0:00
/
0:00

IBM Patented Euler's 200 year old Math Technique

IBM Slapped the Buzzwords 'AI Interpretability' on Generalized Continued Fractions and their Series Transformations and was awarded a Patent
Quick Intro
LeetArxiv is a successor to Papers With Code after the latter shutdown.

Stop reading papers. Start coding them. Engineers who use LeetArxiv for their professional growth can use this template email to ask their employers to expense a subscription.

Quick Summary
IBM owns the patent to the use of derivatives to find the convergents of a generalized continued fraction.
Here’s the bizarre thing: all they did was implement a number theory technique by Gauss, Euler and Ramanujan in PyTorch and call backward() on the computation graph.
Now IBM’s patent trolls can charge rent on a math technique that’s existed for over 200 years.

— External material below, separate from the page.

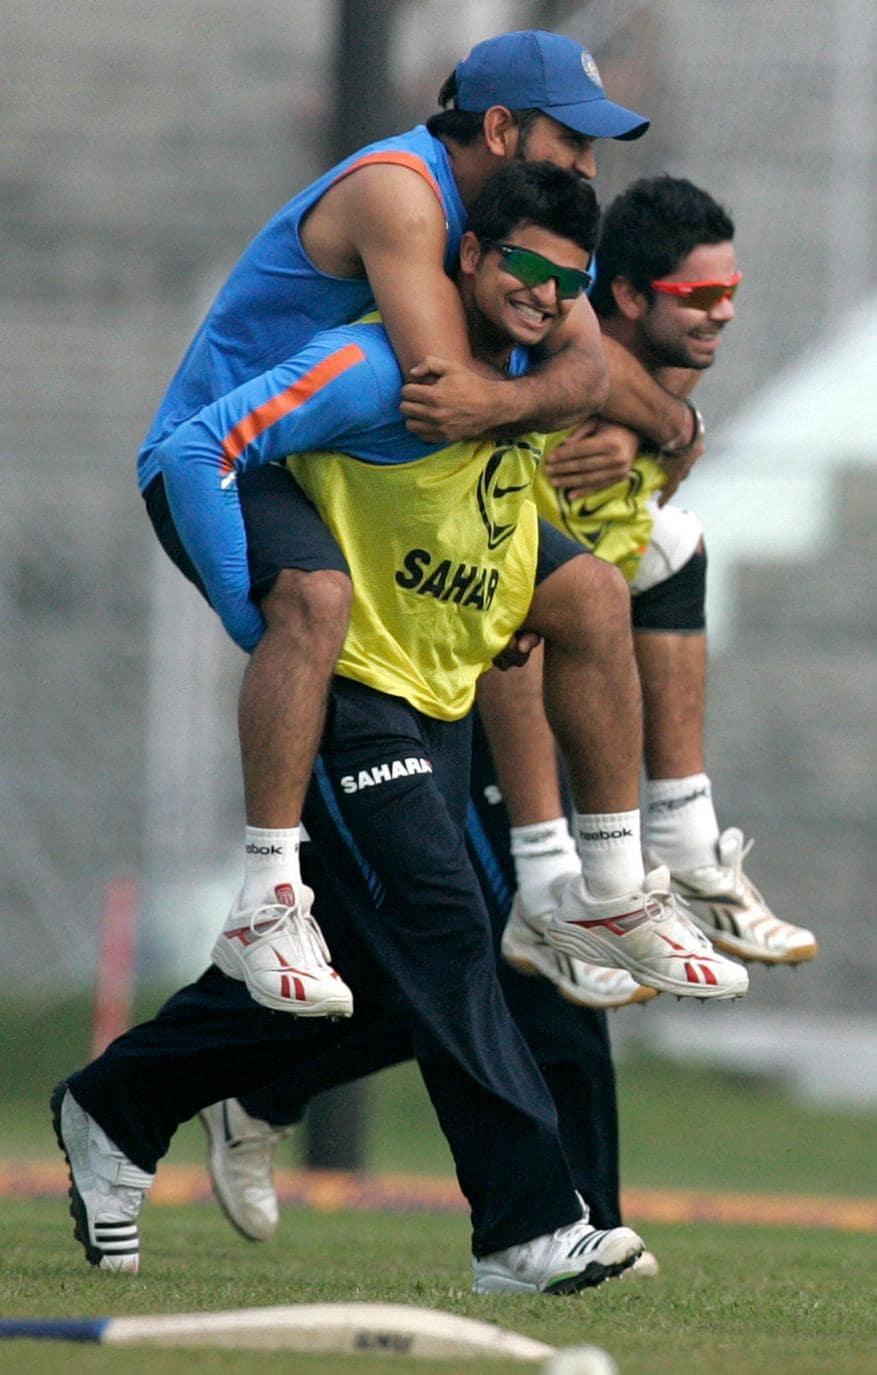 கவுஹாத்தியில் பயிற்சியின் போது தோனியை தூக்கிச் சென்ற சுரேஷ் ரெய்னா (Image: Reuters)

As always, code is available on Google Colab and GitHub.

1.0 Paper Introduction

The 2021 paper CoFrNets: Interpretable Neural Architecture Inspired by Continued Fractions (Puri et al., 2021)1 investigates the use of continued fractions in neural network design.

The paper takes 13 pages to assert: continued fractions (just like mlps) are universal approximators.

The authors reinvent the wheel countless times:

  1. They rebrand continued fractions to ‘ladders’.

  2. They label basic division ‘The 1/z nonlinearity’.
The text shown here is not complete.